Simplified grammar down to this
class_var = { kind ~ type ~ name ~ ";" }
kind = { "static" | "field" }
type = { "int" | "char" | "bool" | class_name }
class_name = {id}
name = { id }
id = { ASCII_ALPHA ~ ASCII_ALPHA* }
WHITESPACE = _{ " " | "\t" | "\n" }
trying to parse this (its a field declaration inside a class, it can either be a known type or a user defined class type)
field x f;
produces
--> 1:10
|
1 | field x f;
| ^---
|
= expected id
Works fine with
field int f;
This happens because ASCII_ALPHA
matches 'a'..'z' | 'A'..'Z'
. So while the first character of f1
is valid for id
, the second is not. You likely want to use ASCII_ALPHANUMERIC
instead for the remaining characters.
id = { ASCII_ALPHA ~ ASCII_ALPHANUMERIC* }
Additionally, you should consider making this rule atomic.

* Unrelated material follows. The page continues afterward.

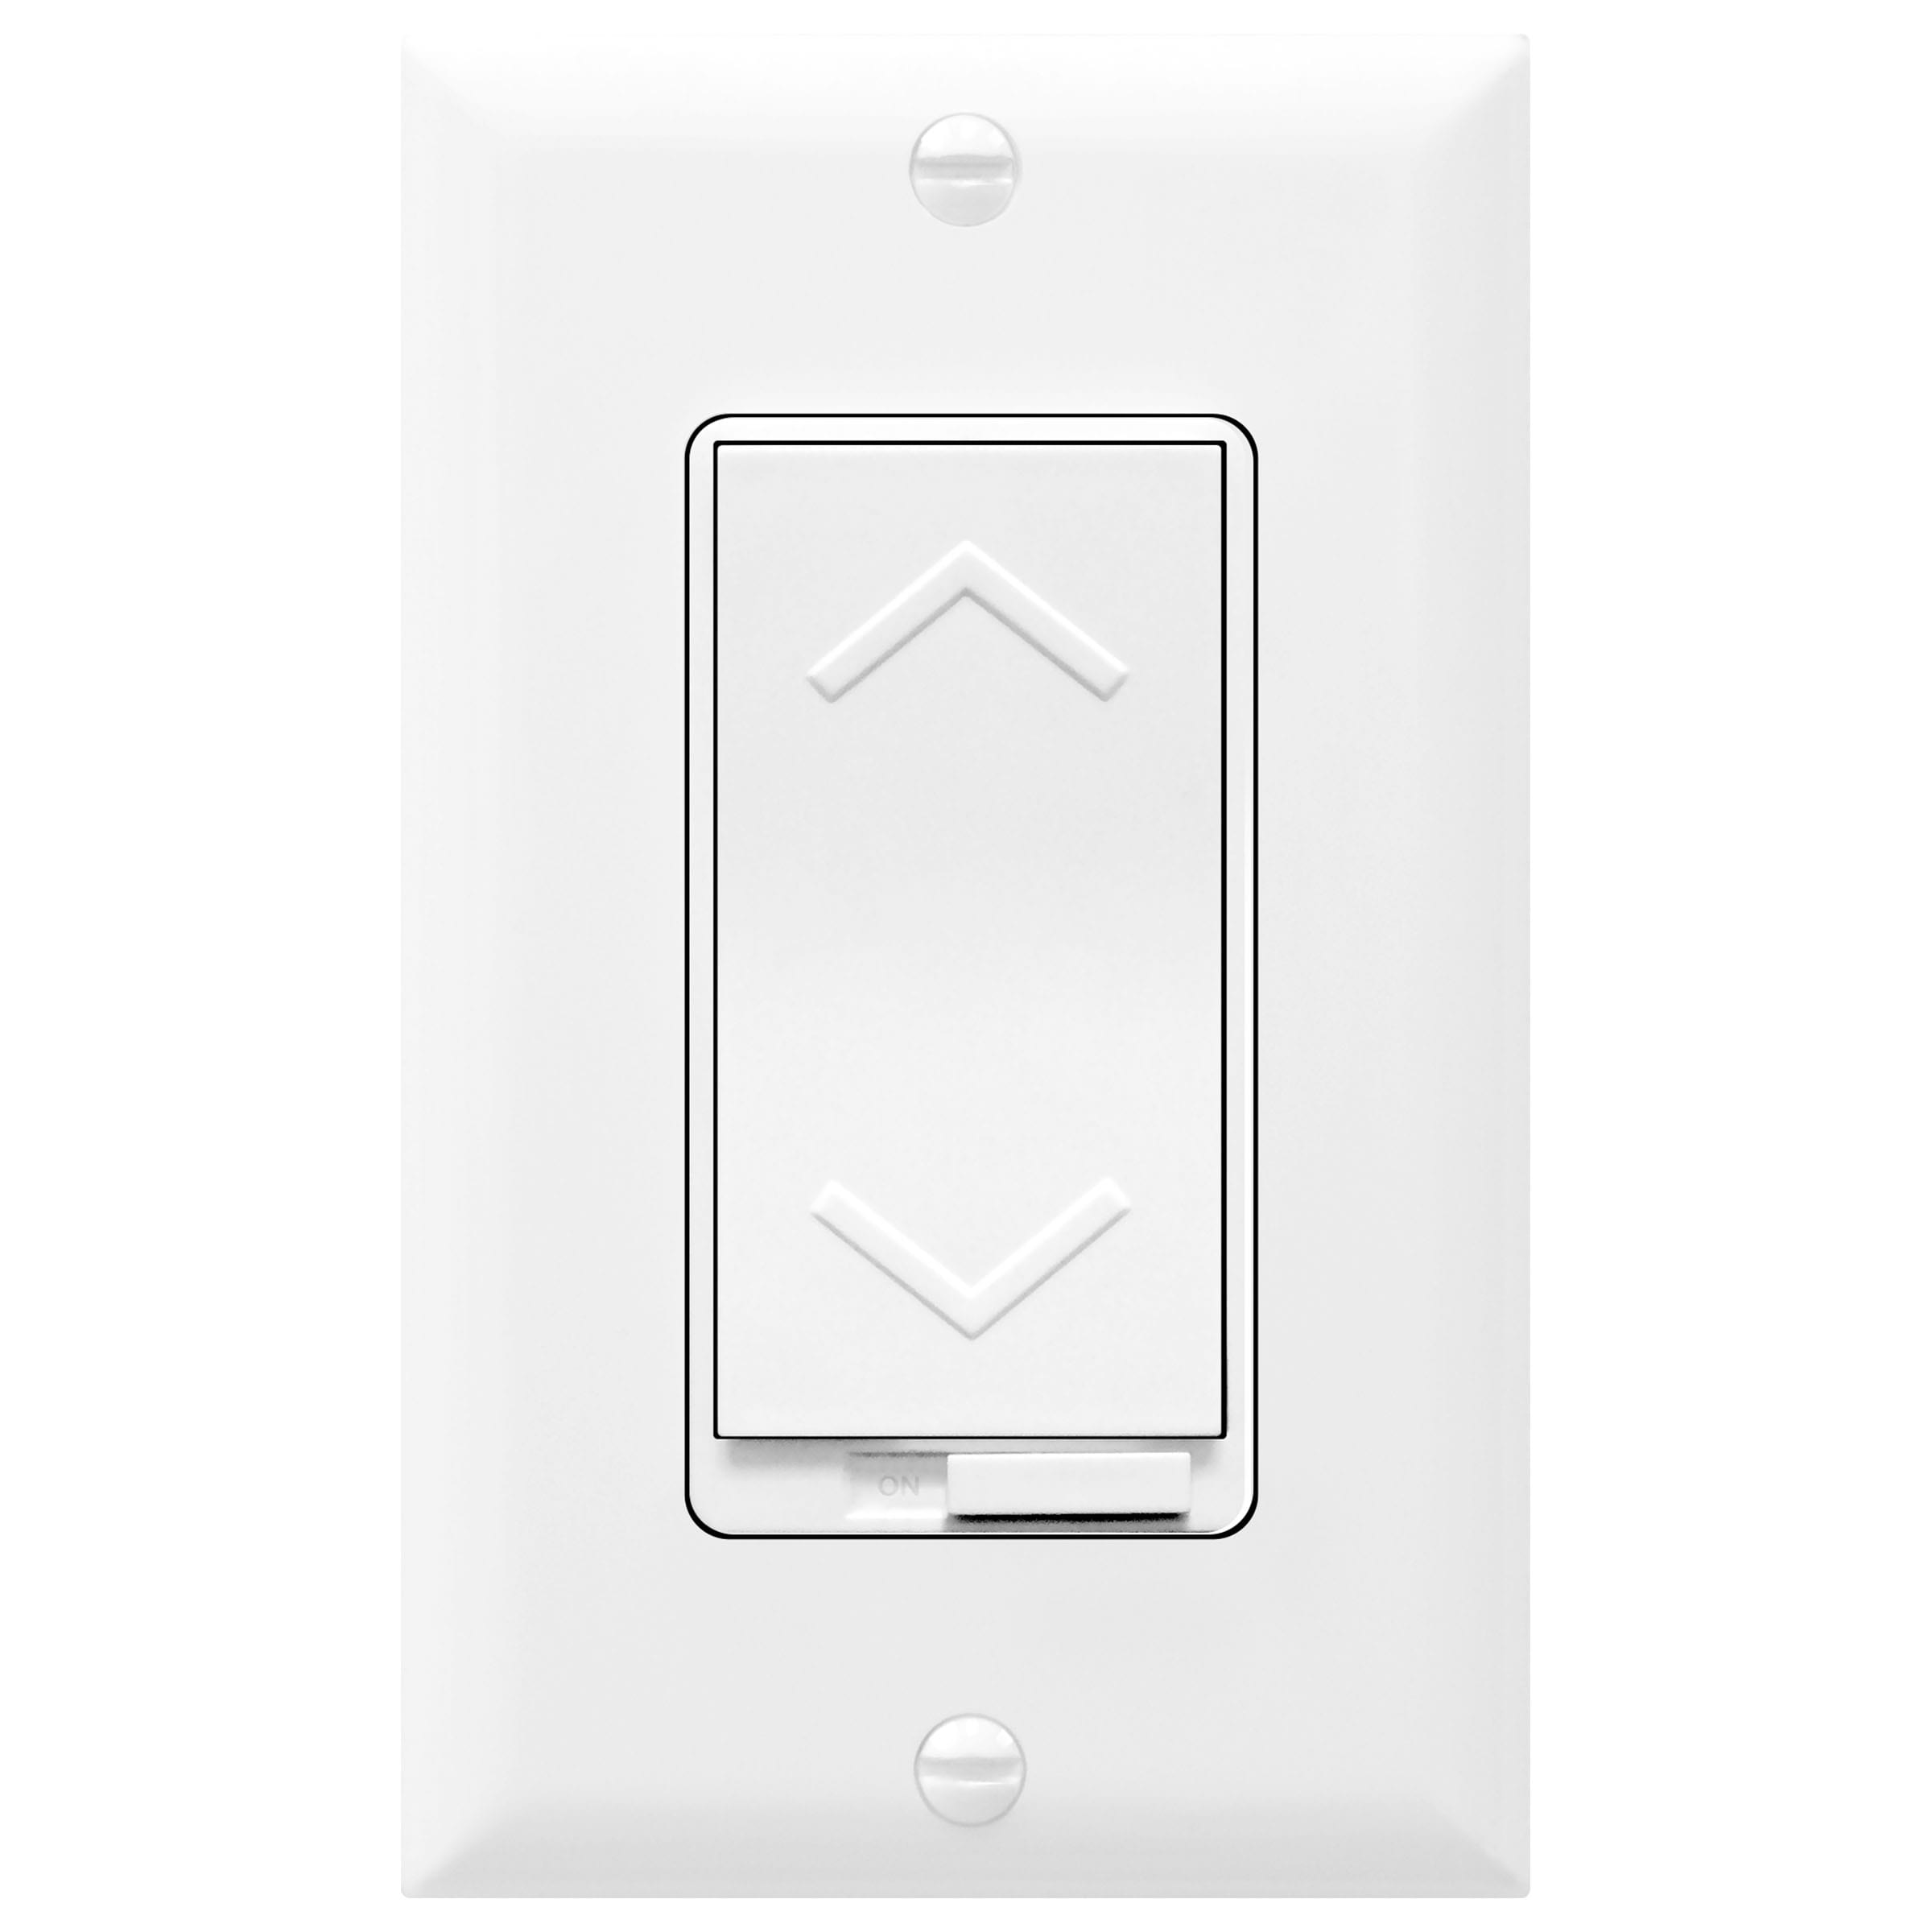 3-Way/4-Way Decorator Dimmer Add-On Switch (Works with TGDS-120 Only)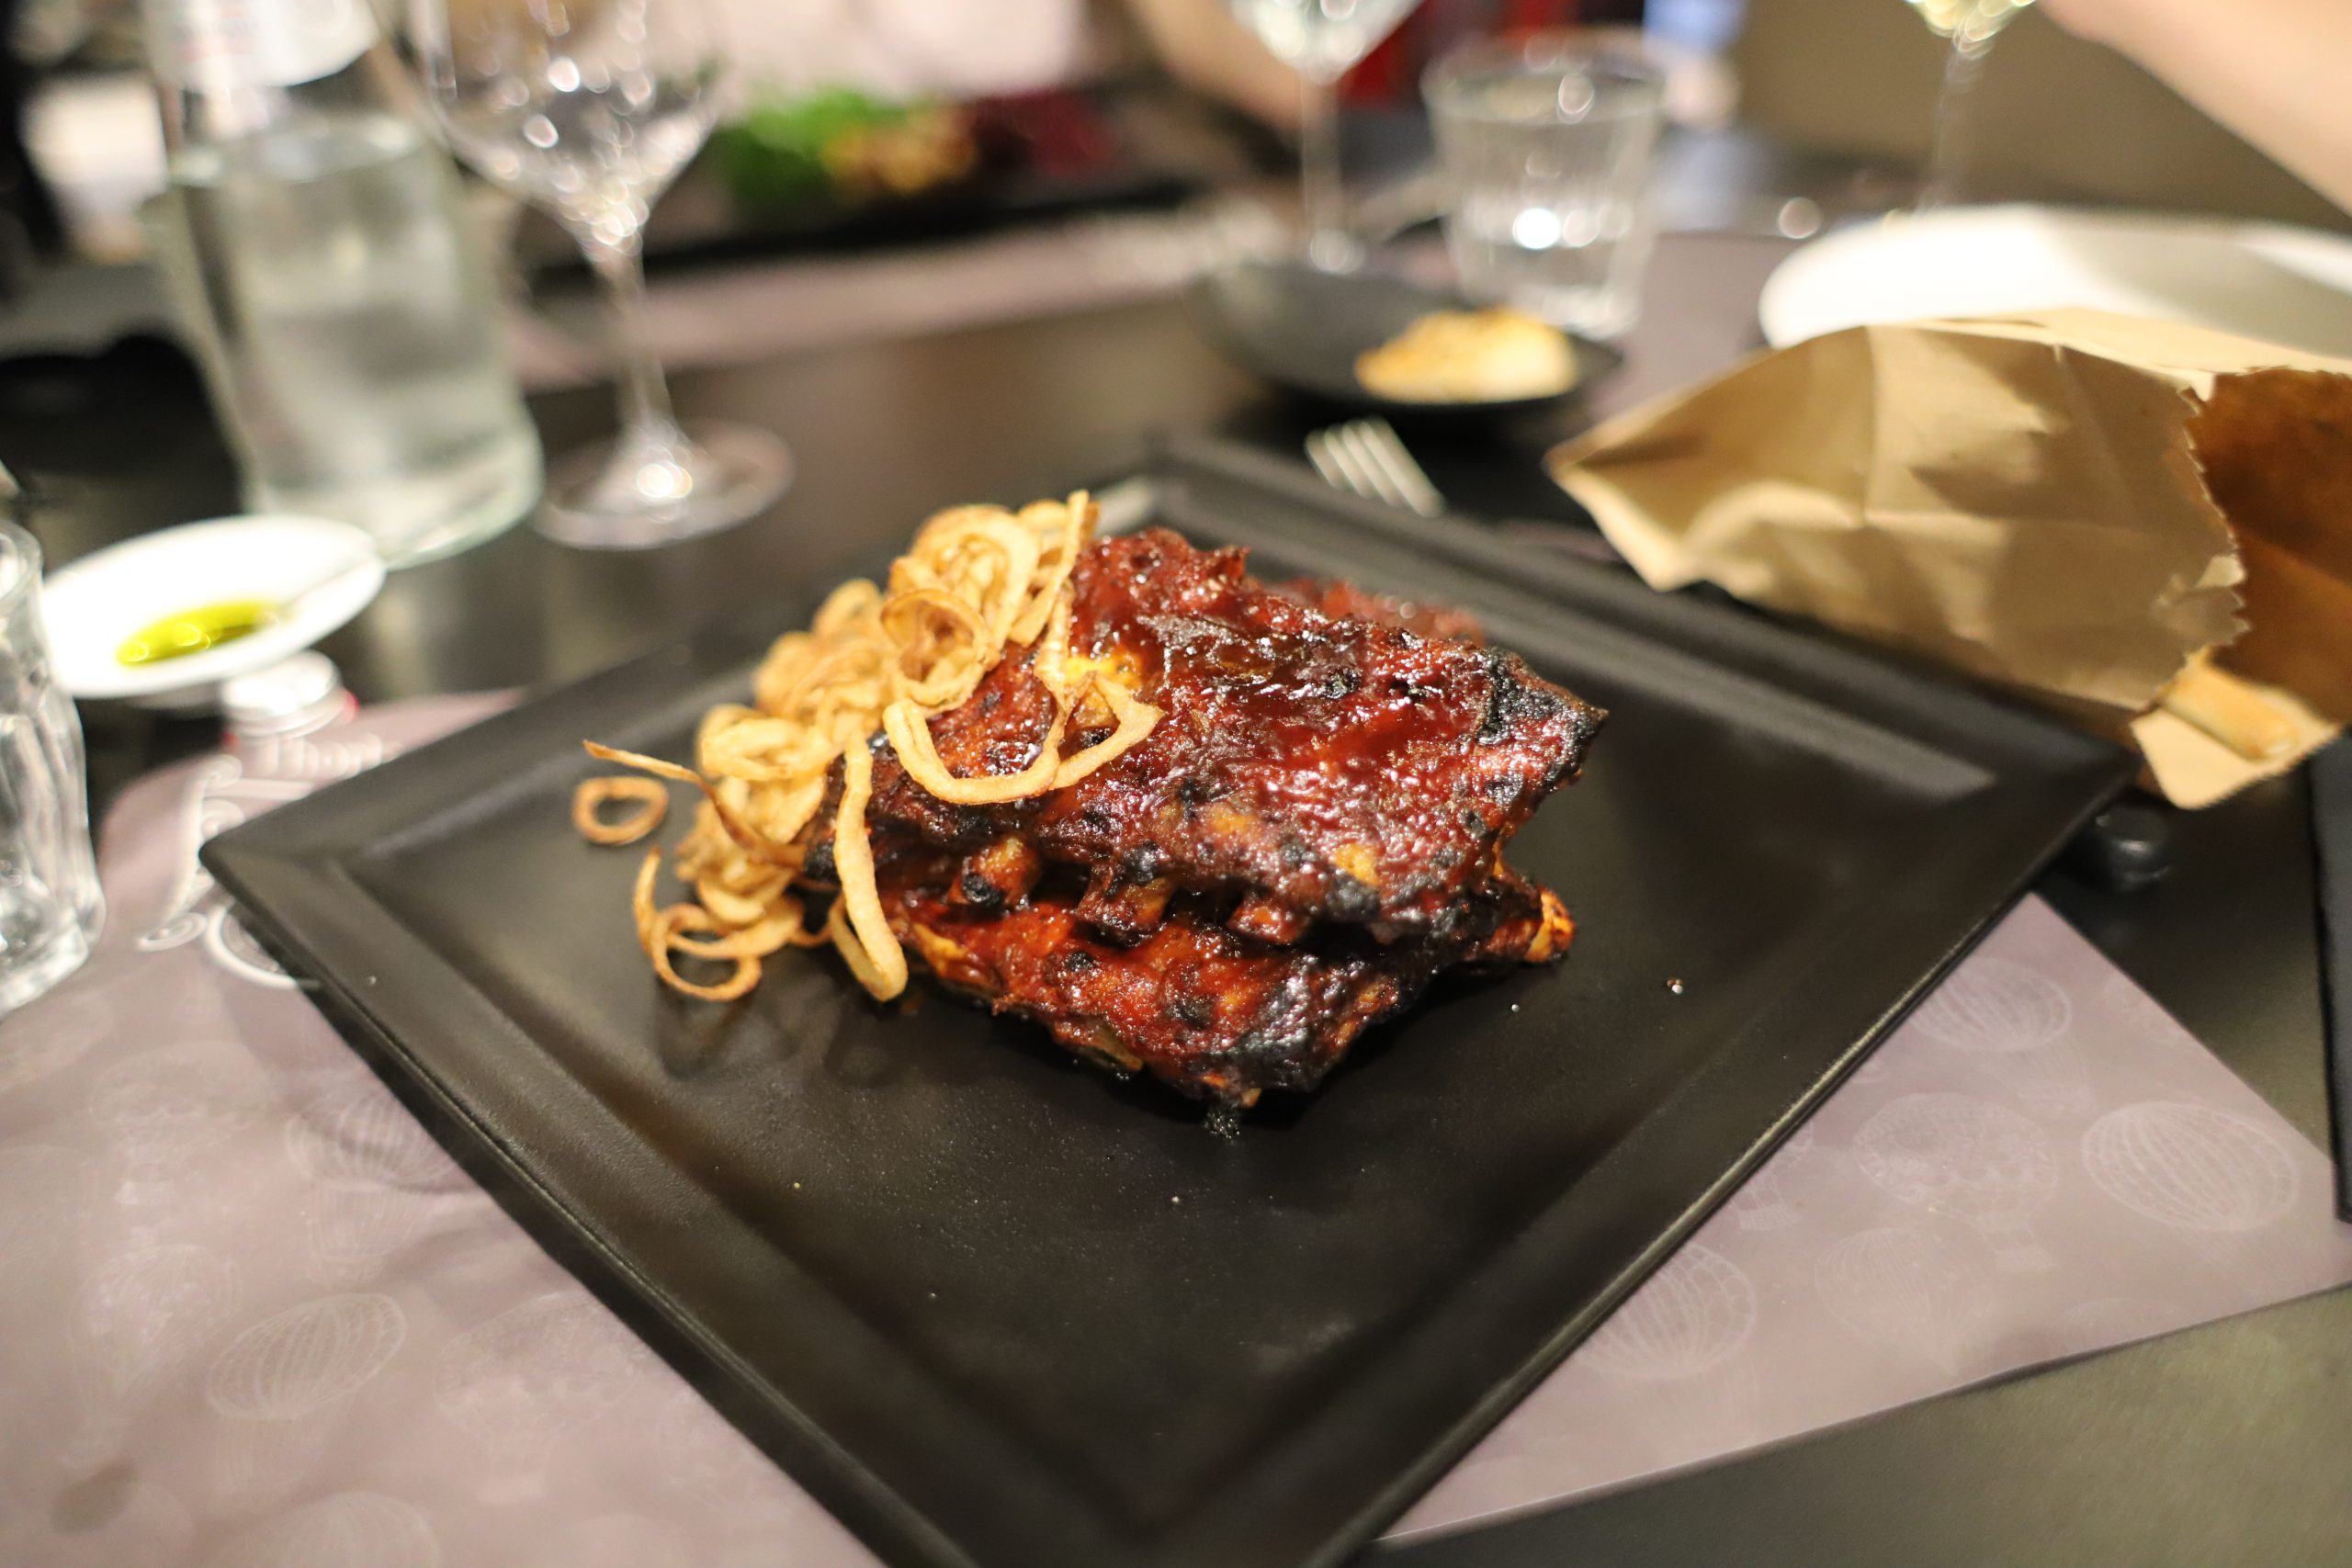 Barbequed Pork Ribs with Fried Onions

If you want to be extra complete, you might even want to consider using the XID_START
and XID_CONTINUE
Unicode character groups instead. They were created for this exact purpose and distinguish between all of the non-ascii characters.
id = @{ ( XID_START ~ XID_CONTINUE* ) | ( "_" ~ XID_CONTINUE+ ) }